Decentralized exchanges are booming, and their growth is currently outpacing that of their centralized counterparts, according to a new report from Chainalysis.
Between August 2020 to 2021, the value on large decentralized exchanges (DEXs), like Curve, Uniswap, and PancakeSwap grew by about 550%. The number of DEXs has grown more than any other category. That puts them head and shoulders above that of over-the-counter brokers, centralized exchanges, and what Chainalysis calls “high-risk exchanges,” or ones with minimal know your customer (KYC) requirements.
In fact, the number of large decentralized exchanges has been on the rise even as the number of total active cryptocurrency exchanges has been steadily declining, according to Chainalysis. In July last year, after rising steadily since January 2019, the number of all active crypto exchanges started to flatten out. In the 12 months that followed, the count dropped from 845 to 672. That wasn’t a surprise for the Chainalysis research team, said Kim Gauer, the firm’s head of research. But it did leave some questions unanswered.
They knew going into the data analysis that there had been consolidation among crypto exchanges, she told Decrypt, but not how unevenly it had impacted different types of exchanges.

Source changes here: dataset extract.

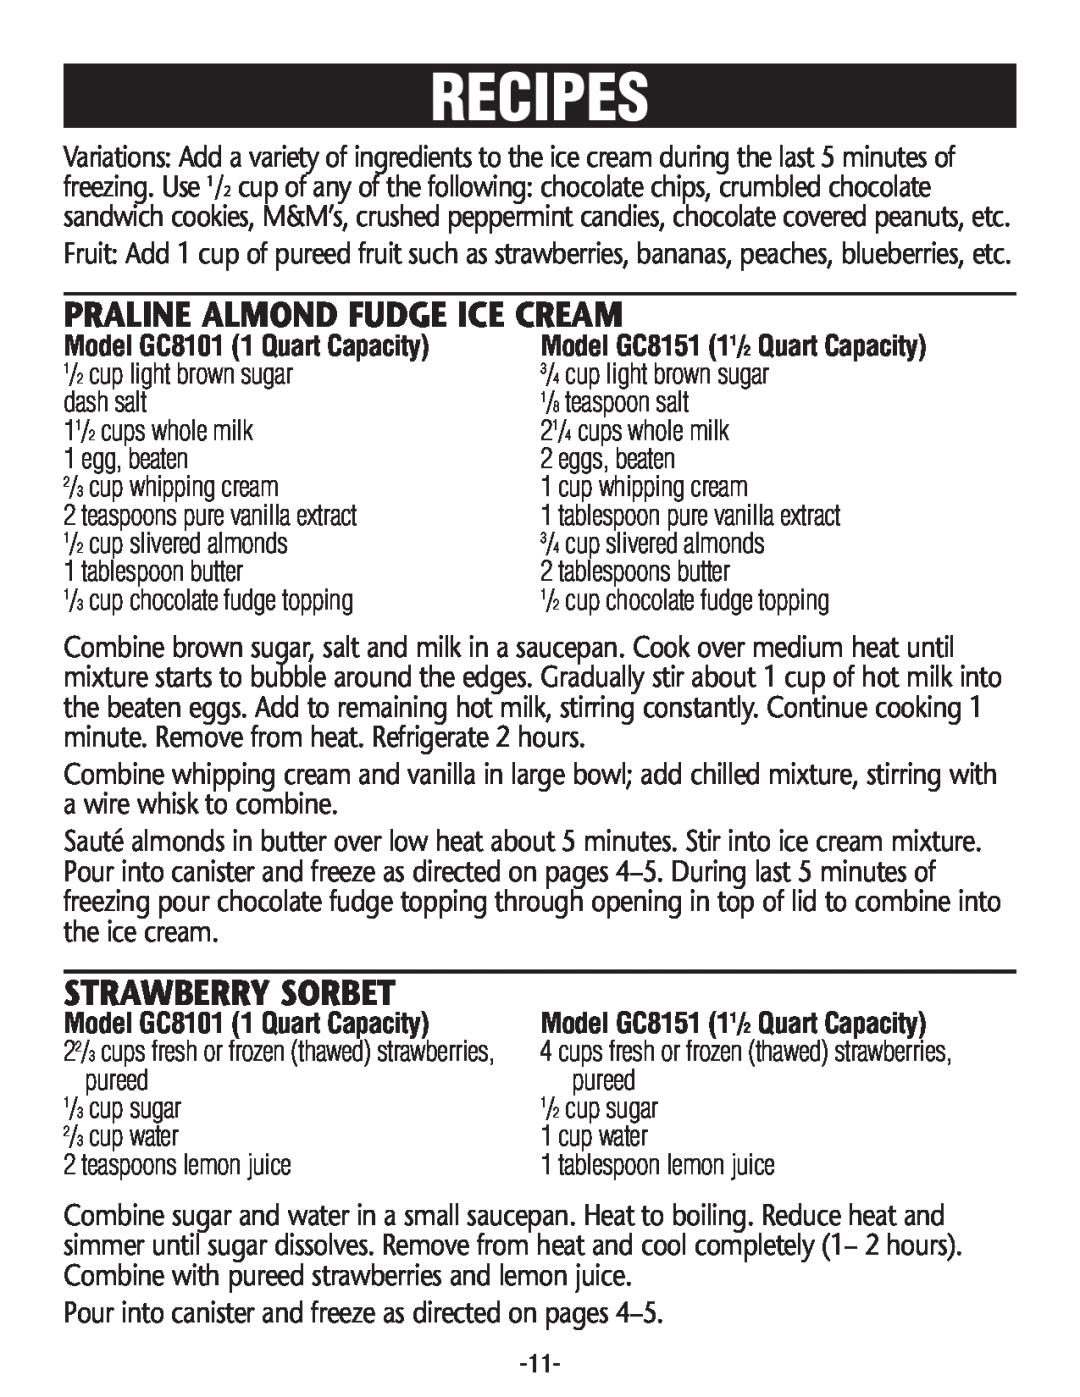 Rival GC8151 manual Praline Almond Fudge Ice Cream, Strawberry Sorbet, Recipes, Model GC81011 Quart Capacity

Most of the decline appears to come from smaller exchanges shutting down, Gauer said. If there are mergers and acquisitions prompting those shut downs, it’s not clear from the data Chainalysis analyzed. But she said she suspects many of them shutter because they can’t get enough liquidity.
The number of active exchanges used to follow the market a few years ago, but that stopped being the case when a few large players in each category became dominant and grew much faster than their smaller counterparts.
As Chainalysis points out in its report, the growth of DEXs “coincides with the explosive growth of the DeFi category in general.” DeFi is a catch-all term for a group of financial products that allow their users to trade, borrow, and lend crypto assets without the need for third-party intermediaries. There is now more than $274 billion flowing in DeFi applications, and most of it is locked up in Ethereum-based DEXs such as Curve and Uniswap, per data from DeFi Llama.
Growth among derivatives exchanges, which are still small in number compared to other categories, has also been noteworthy.
There were 265,000 transactions on derivatives exchanges in August. That was dwarfed by the 5 million transactions made on DEXs in the same month. But the average size of transactions in derivatives was $79,000 compared to $26,500 in DEXs.
Because the average transactions on derivatives exchanges were larger, the value on them has grown even more than DEXs have in the last year. Large derivatives exchanges like Derebit, Bitmex, and FTX soared by 686 percent, according to the report.
“We’re seeing large investments going to these platforms, even though there’s not many right now that we have listed as derivatives [exchanges] in our data,” she said. “But they’re big and highly liquid.”